后堂出来的一个五十多岁的老头,手上拿着灯盏,是此间郎中无疑。
那老郎中原听到有人撞门,心下气愤不已,本想出来骂他几句,没想到他出来后看到徐慎之浑身是血,面色苍白无血色,眼球中布满血色,登时吓得亡魂大冒,哆哆嗦嗦一句话也说不出来。
徐慎之心中已经明白了个大概,他现在这形象太不好了,这大半晚上很容易吓到人,被别人误会成鬼。
“别怕,我不是鬼,”徐慎之关上了门道:“我朋友失血过多,劳烦大夫救治。”
老郎中见他虽面貌狰狞恐怖,但说话得体,且语气并不凶戾,才晓得他是人,将疑心去了。
不过徐慎之浑身是血,老郎中明白他是江湖武人,不敢过分得罪,道:“带进来我看看。”
老郎中给房间内掌上灯,将房间照亮,叫徐慎之将陆瑛放到床上躺平,老郎中坐于床边,拉过陆瑛手腕切脉片刻。
“大夫,情况如何”徐慎之急切问道。
老郎中道:“她失血过多,脉象并不平稳,不过也没有性命之虞,你大可放心,开些益气补血的方子,补好身子,再静养一两个月,可以恢复。”
徐慎之点头道:“有劳了。”
老郎中又道:“不过老夫甚是疑惑,她身上没有任何创伤,为何会失去如此多的血液。”
“有恶鬼作祟,吸食了她的部分血液,此事曲折离奇,说来话长。”徐慎之摇了摇头。
老郎中是个聪明人,见他浑身刀伤剑痕,实情定然不像他说得那般简单,也正因为他聪明,只听那句“说来话长”,便知道徐慎之不愿意提起,他也很识趣的闭嘴。

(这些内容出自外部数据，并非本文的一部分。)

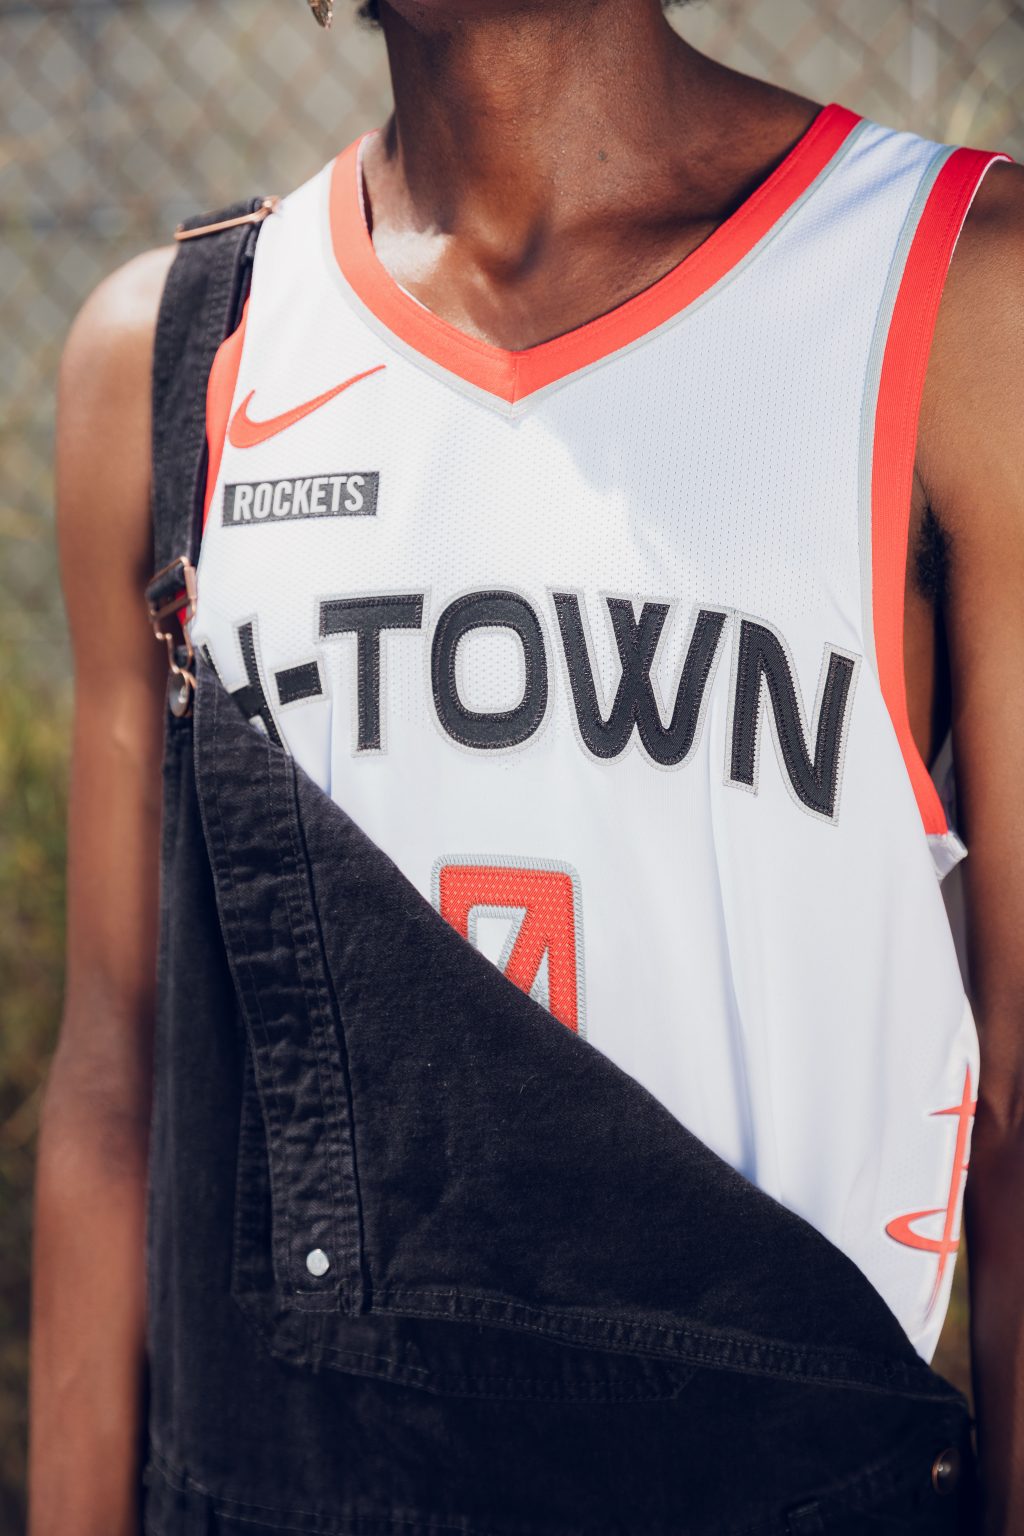 2019 nba city edition jerseys

“你受得伤,比这姑娘要重许多,需要尽快医治。”老郎中扯开话题。
“我没事。”徐慎之摇头。
事实上老郎中说得没错,他胸前旧伤被王坤一脚踹裂,腿上也中了王坤几剑,肋骨被林政打断两根,五鬼又吸食了他不少血液,此时的他,的确非常虚弱。
不过眼下徐慎之还有更重要的事要去做,那五鬼幡不完全受他控制,邪恶歹毒,要赶紧处理掉它。
不过,徐慎之还是听从老郎中的建议,简单的包扎了下伤口,降低血液流失。
随后,徐慎之又去了一趟,那一片狼藉的客栈,他出来的时候忘了带上剑鞘和包袱,尤其是包袱里面,包袱里还装着几百两银子。
找回包袱和剑鞘,徐慎之又回到医馆,借老郎中家木盆,倒了些温水,浸湿了毛巾,拖下身上衣服,将身上血污擦拭干净,又换了身新衣服。
老郎中家有几间空出来的房子,徐慎之提出要借住些时日,老郎中虽然不情愿,但不敢不允。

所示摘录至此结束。